In a joint press statement, members of the IGME expressed it is unconscionable that in 2017 pregnancy and child birth are still life-threatening conditions for women. “The best measure of success for universal health coverage is that every mother should not only be able to access health care easily, but that it should be quality, affordable care that will ensure a healthy and productive life for her children and family,” said Dr. Flavia Bustreo, the World Health Organization (WHO) assistant director for Family, Women’s and Children’s Health.
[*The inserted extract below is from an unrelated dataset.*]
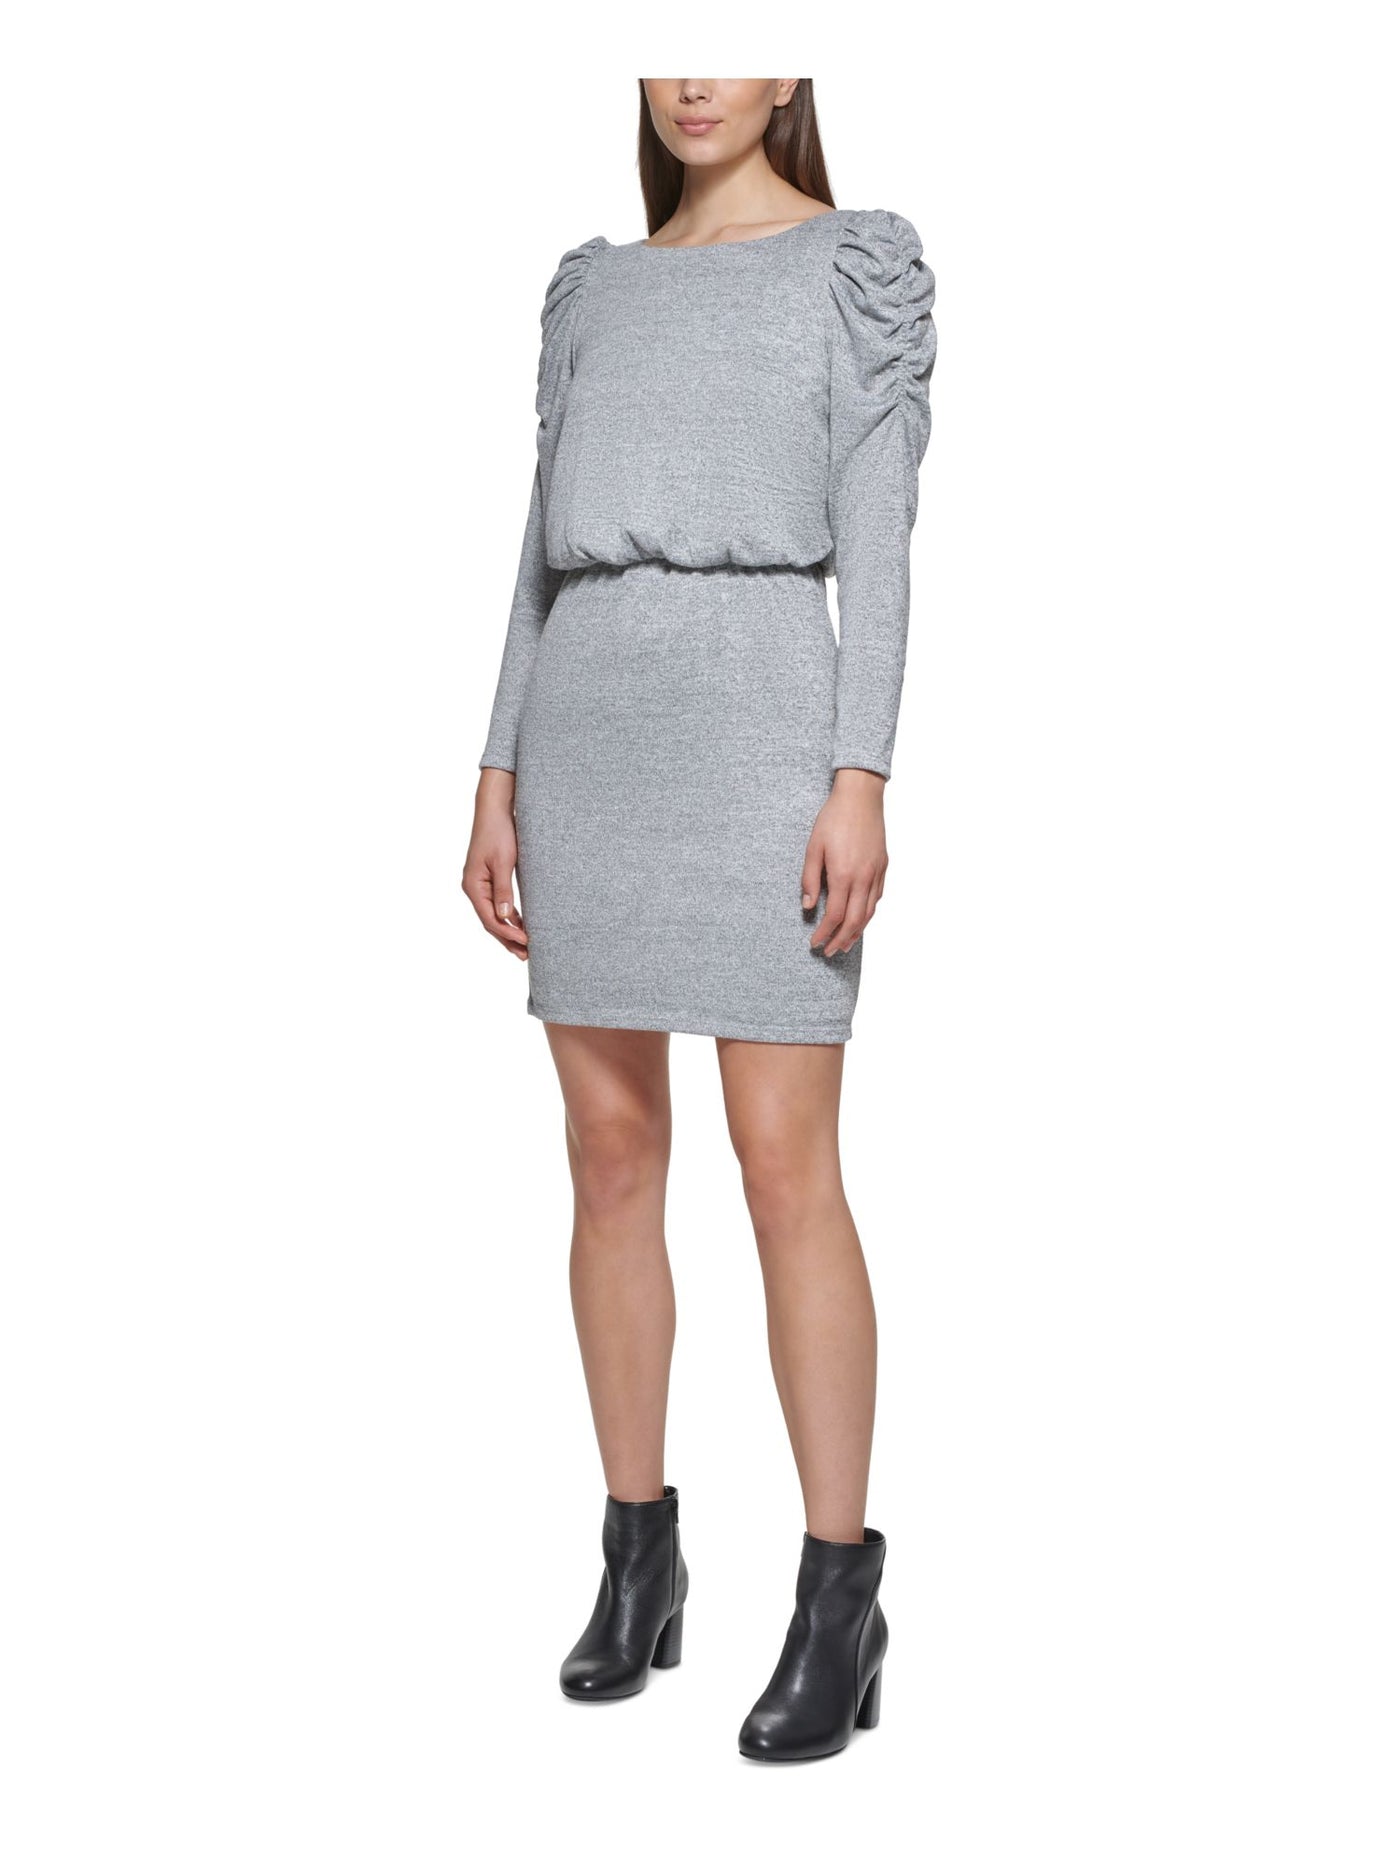 JESSICA HOWARD Womens Gray Metallic Ruched Lined Long Sleeve Jewel Neck Above The Knee Wear To Work Blouson Dress 14

U.N. Children's Fund's (UNICEF) Chief of Health Stefan Swartling Peterson commented that the international community “has the knowledge and technologies that are required; we just need to take them where they are most needed.”
The IGME comprises of UNICEF, WHO, the World Bank and the Population Division in the U.N. Department for Economic and Social Affairs. It operates within the framework of the Global Strategy for Women’s, Children’s and Adolescents’ Health. The strategy is put into action by the Every Woman and Every Child initiative, launched in September 2010, to serve as a U.N. arm to mobilize and intensify international and national action by governments, multilaterals, the private sector and civil society to address the major health challenges facing women, children and adolescents around the world.